**Task to complete:** Once the pictures are set aside, transcribe the remaining data exactly.

**Data section:**
------------

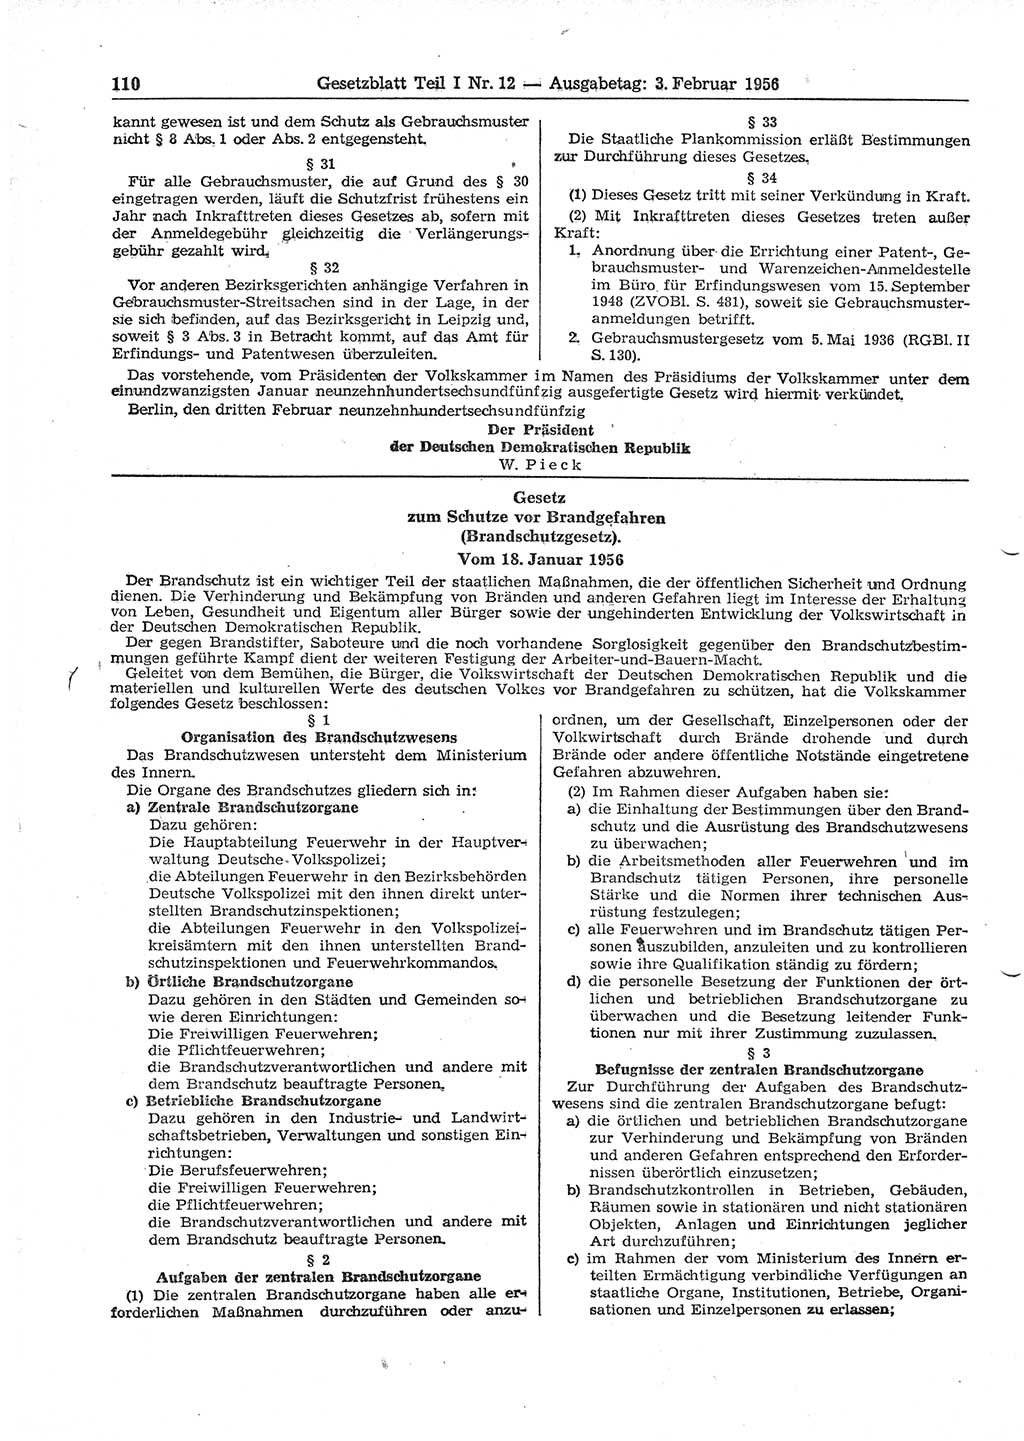 Gesetzblatt (GBl.) der Deutschen Demokratischen Republik (DDR) Teil â… 1956, Seite 110 (GBl. DDR â… 1956, S. 110)
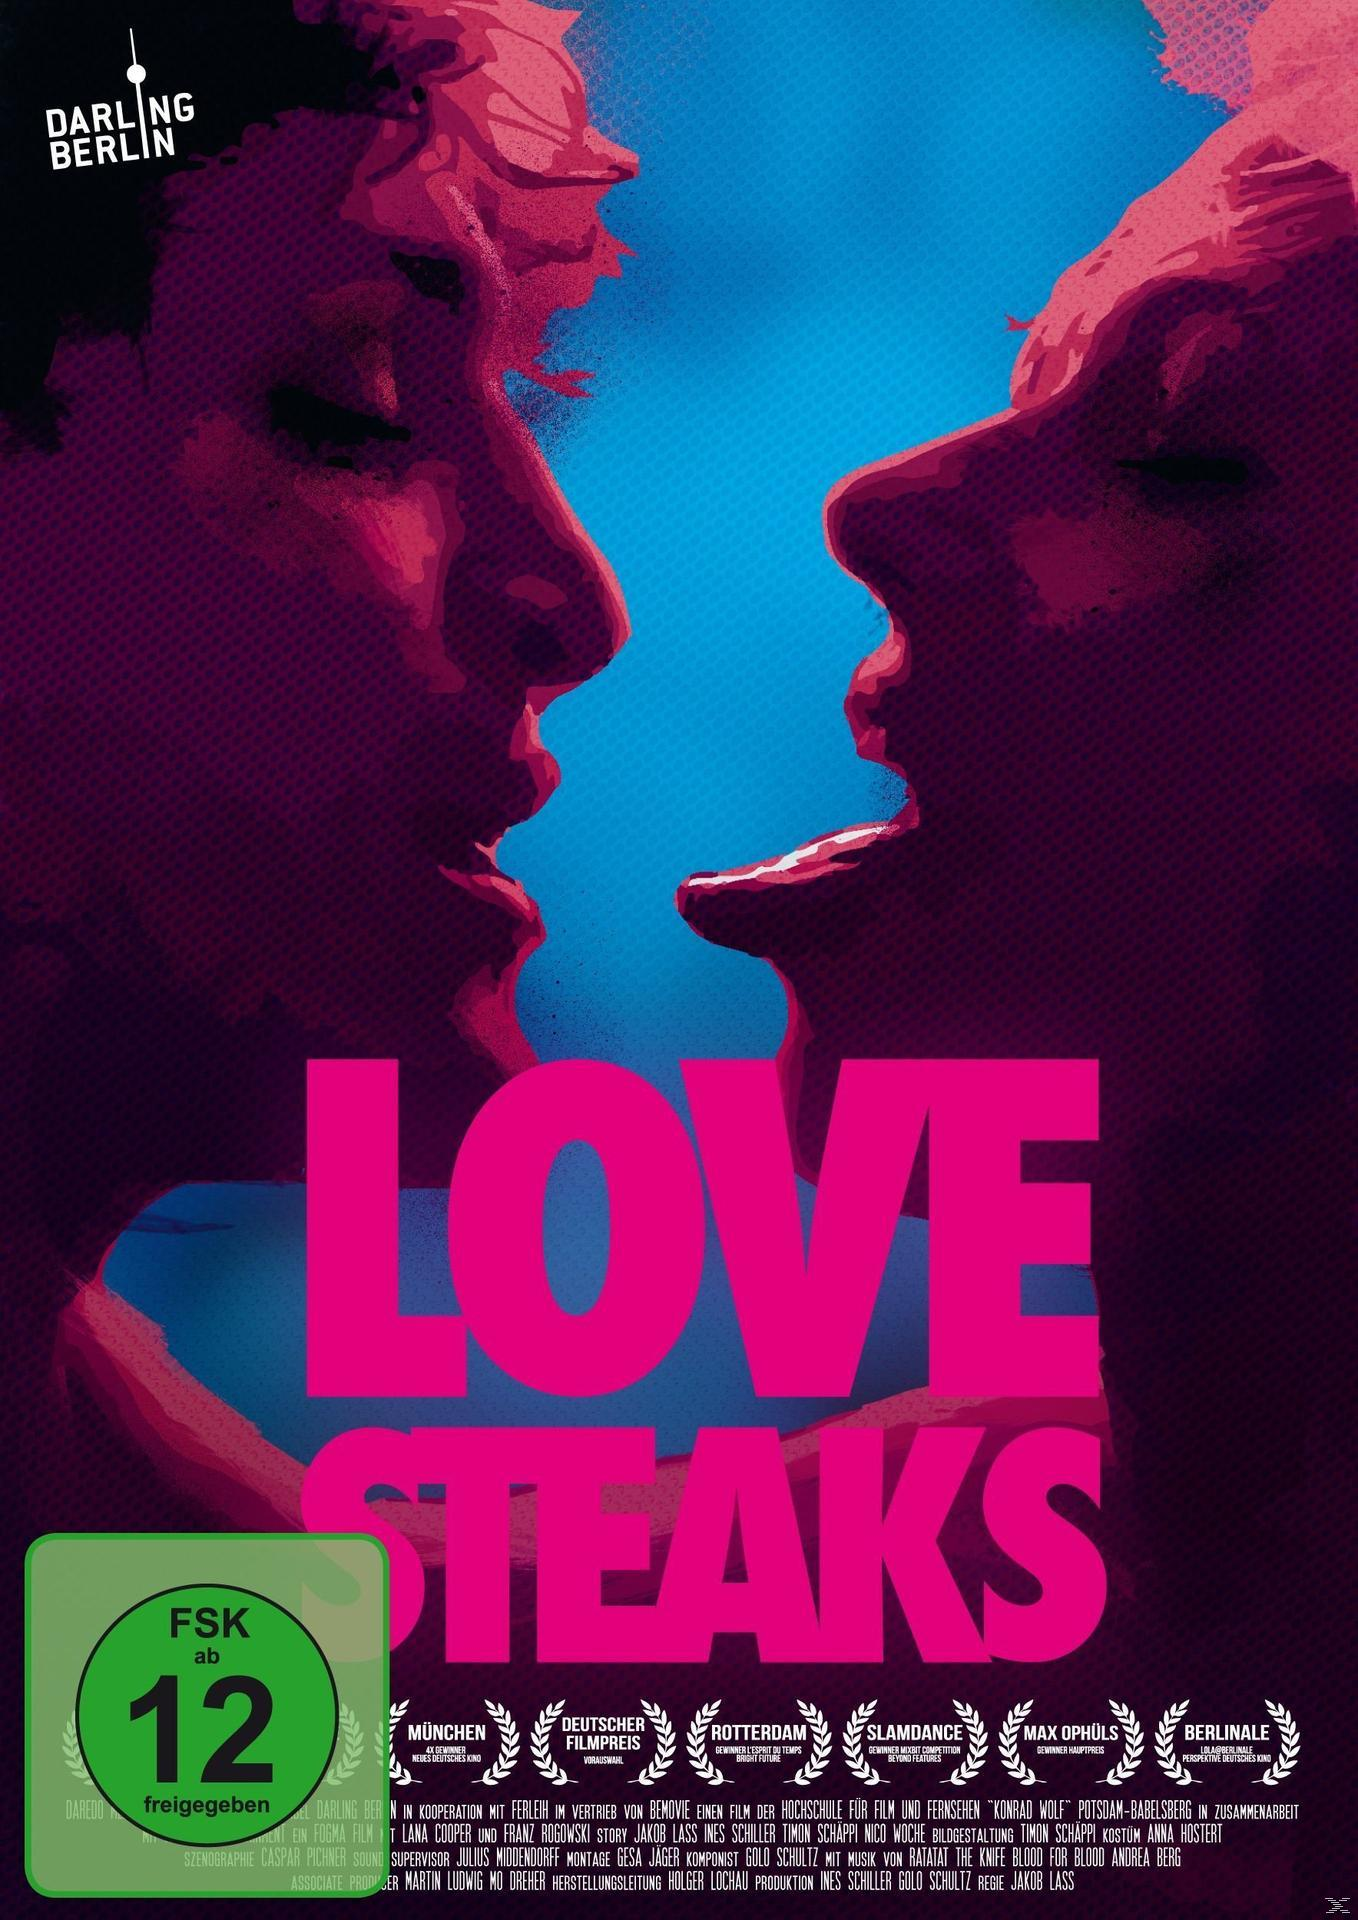 STEAKS DVD LOVE
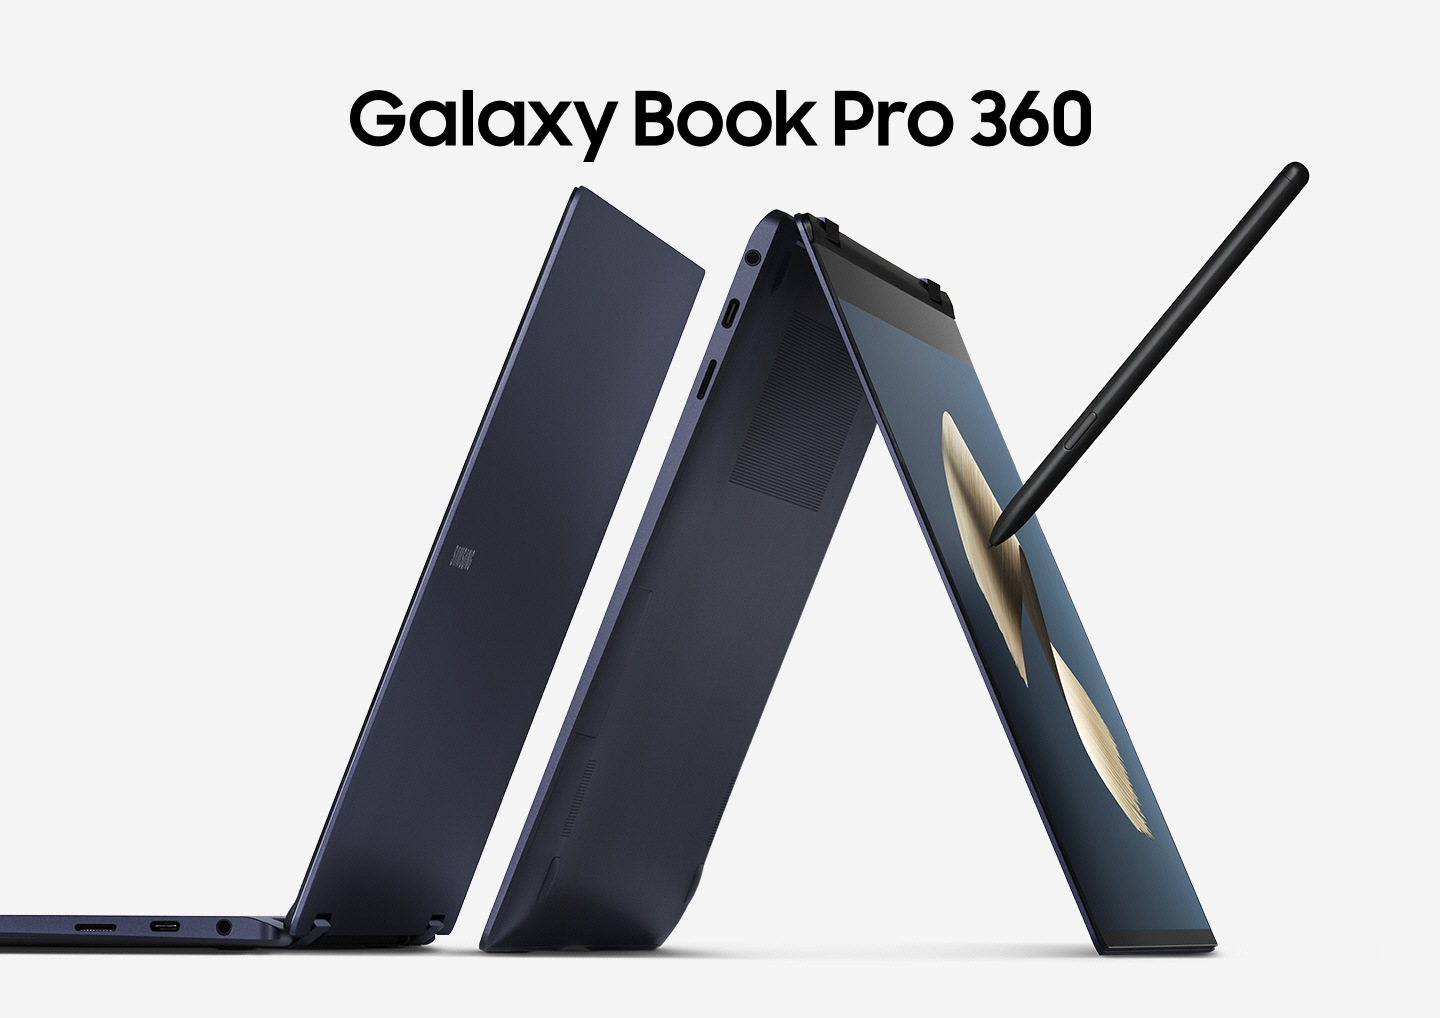 Dos idénticos 360 Galaxy Book Pro 360 en azul místico se colocan uno al lado del otro. Uno de ellos está equipado con el estilo s, en modo de tienda, descansando en el borde de la pantalla y el teclado. Galaxy Book Pro 360 'está escrito

------------

**Result:**
 Gesetzblatt (GBl.) der Deutschen Demokratischen Republik (DDR) Teil â… 1956, Seite 110 (GBl. DDR â… 1956, S. 110)
 STEAKS DVD LOVE
 Dos idénticos 360 Galaxy Book Pro 360 en azul místico se colocan uno al lado del otro. Uno de ellos está equipado con el estilo s, en modo de tienda, descansando en el borde de la pantalla y el teclado. Galaxy Book Pro 360 'está escrito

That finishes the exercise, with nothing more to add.